Reflective And Insulating Hardscapes


Next, for your hardscapes, you’ll want to use materials that are poor conductors of heat so that they don’t gain or lose heat fast, as well as colors that reflect light.


This will once again help to reduce heat gain during the summer, reducing your cooling needs.


A common issue with modern regions is that they have lots of hardscapes and little plants.


Since plants naturally help cool down the atmosphere while hardscapes absorb heat, this results in the urban heat island effect where regions with lots of hardscapes are much warmer than rural areas.


This is extremely harmful to the environment as it contributes to rising temperatures, which leads to issues like melting ice caps and glaciers.


The urban heat island effect can happen on a smaller scale if your hardscapes absorb heat quickly, so it’s imperative that you use materials that are good insulators of heat.


In addition, you also want to use colors that reflect light to further reduce any heat gain from sunlight. Basically, opt for light colors over dark colors. The closer a color is to white, the more light it reflects.


These will all help reduce the need for cooling, both indoors and outdoors. You may find that instead of an outdoor air conditioner, just an electric fan will do, which will go a long way towards reducing energy use and carbon emissions.


Permeable Paving


Permeable surfaces are surfaces that have gaps or porous surfaces for water to go through.


When there’s rain, these surfaces trap the rainwater, so that after the rain, when the sun comes up, the trapped rainwater continues to keep the ground cool, helping keep your outdoor space cool.


This once again reduces the need for cooling and reduces your energy consumption, helping increase energy efficiency.


Renewable Energy

Solar bollard lights along a path in a garden in Louisville

Renewable energy is the most sustainable form of energy, so using renewable energy where you can will be a huge step towards energy efficiency and sustainability.


Solar panels can be quite expensive, so if you’re not quite ready to go to that extent yet, that’s fine.

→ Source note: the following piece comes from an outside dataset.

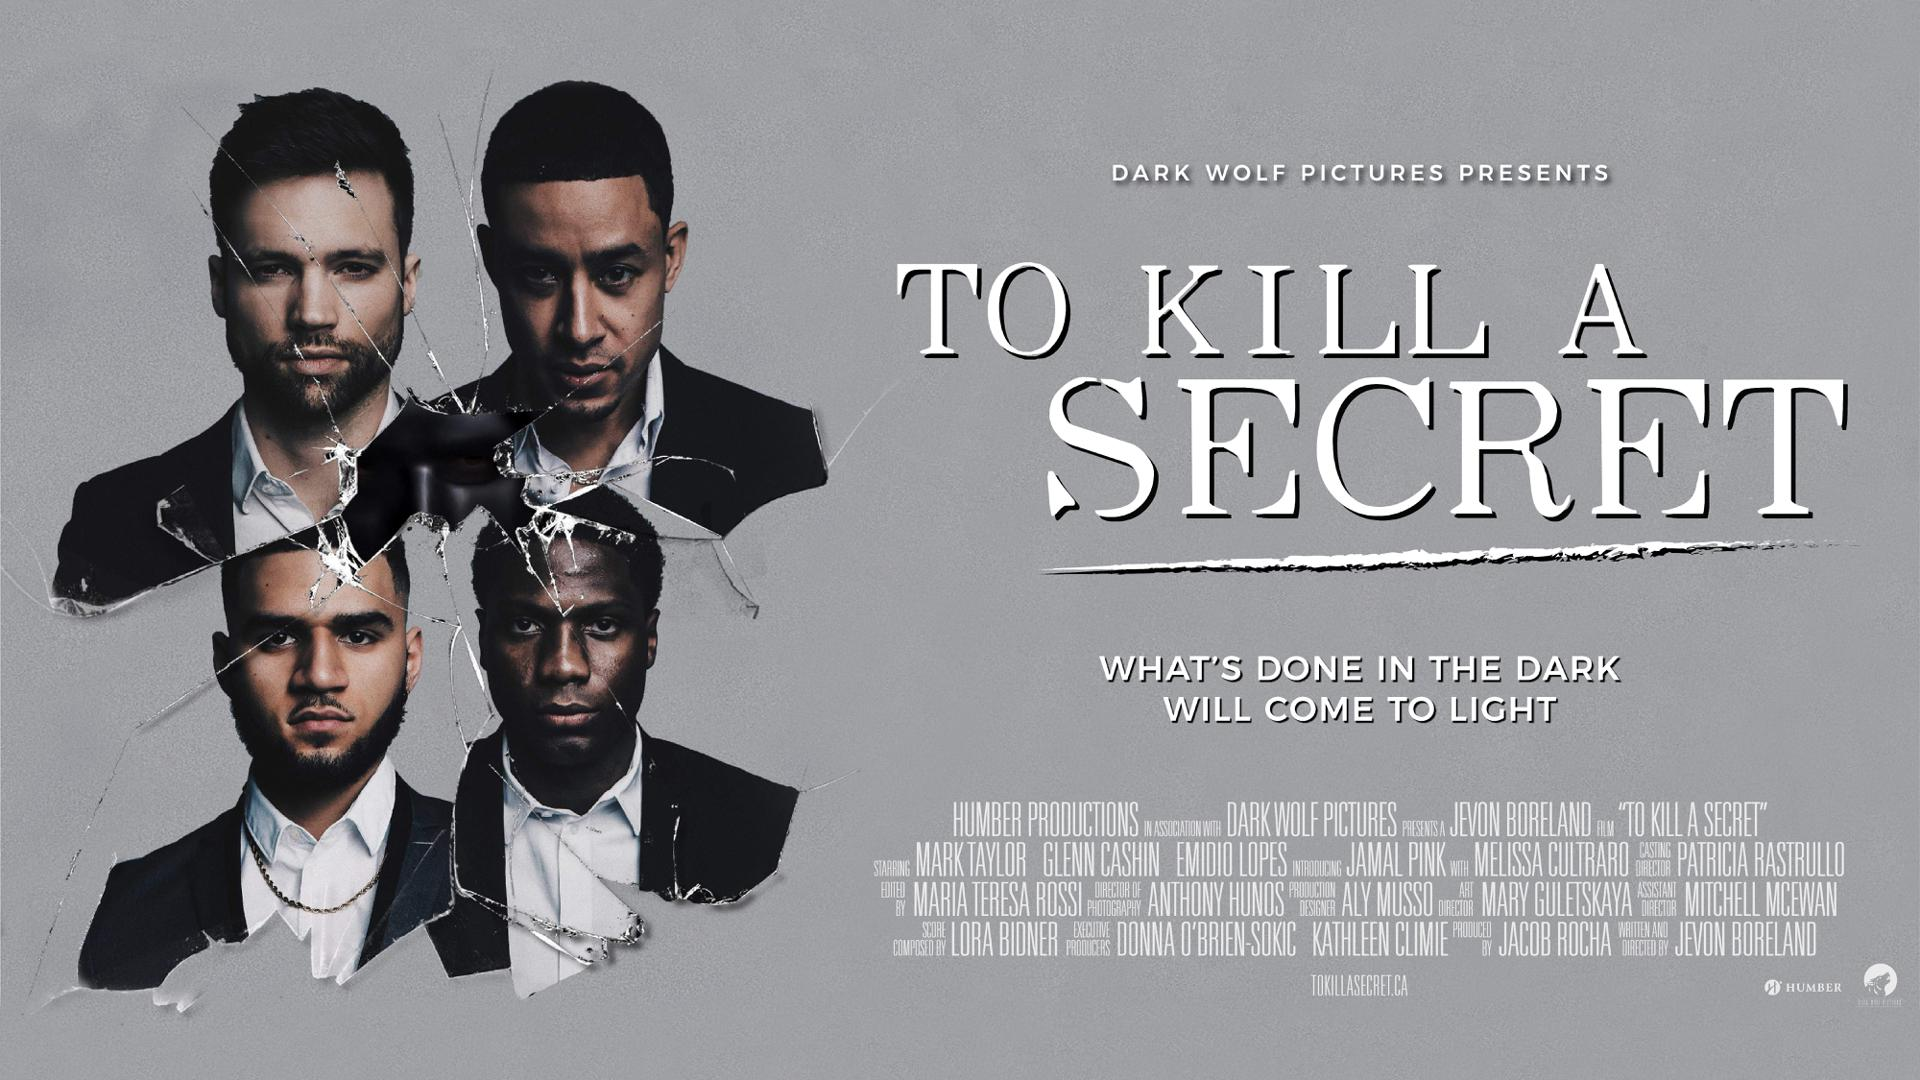 To Kill A Secret

Using solar power in smaller ways still helps, and there are plenty of features that employ solar energy to run.


There are outdoor lights that absorb solar energy during the day and automatically turn on at night. There are also water features that run on solar energy when it’s available and electricity the rest of the time.


These small steps toward sustainability will add up over time to have a big impact.


4. Manage Your Soil Health


Finally, by managing your soil health carefully, not only will less water be needed, but you’ll also reduce the need for additional chemicals that harm the environment and have carbon emissions in production.


Mulching helps retain soil moisture, so water stays in your soil longer and less water is lost to evaporation. Overall, you’ll have to water your plants less.


You should also add organic amendments like compost to make your soil more nutrient-rich and improve your soil structure. This will translate to less need for fertilizers.


With healthier soil, your plants also grow better and become stronger, making them more resistant to pests and diseases.


As mentioned earlier, fertilizers and pesticides not only have carbon emissions from production and transportation, but pesticides can also be toxic to other creatures as well as the environment.


All in all, enhancing soil health is a more indirect way to achieve sustainability, but it will nonetheless contribute to sustainability, so don’t overlook it even if its impact is smaller.


Conclusion


Sustainable landscaping goes far beyond just using native plants or being mindful of your water usage.


Just growing plants may still not be enough to reduce your carbon footprint and can even contribute to it if you’re not careful.


There are many conscious decisions to make to turn your landscape into a sustainable one. It’s going to take more effort and thinking, but that’s usually the case for anything worth doing.


So if you’re willing to do your part for the environment and create a truly sustainable landscape, follow the keys in this guide, and you’ll have yourself an outdoor space that truly supports the environment.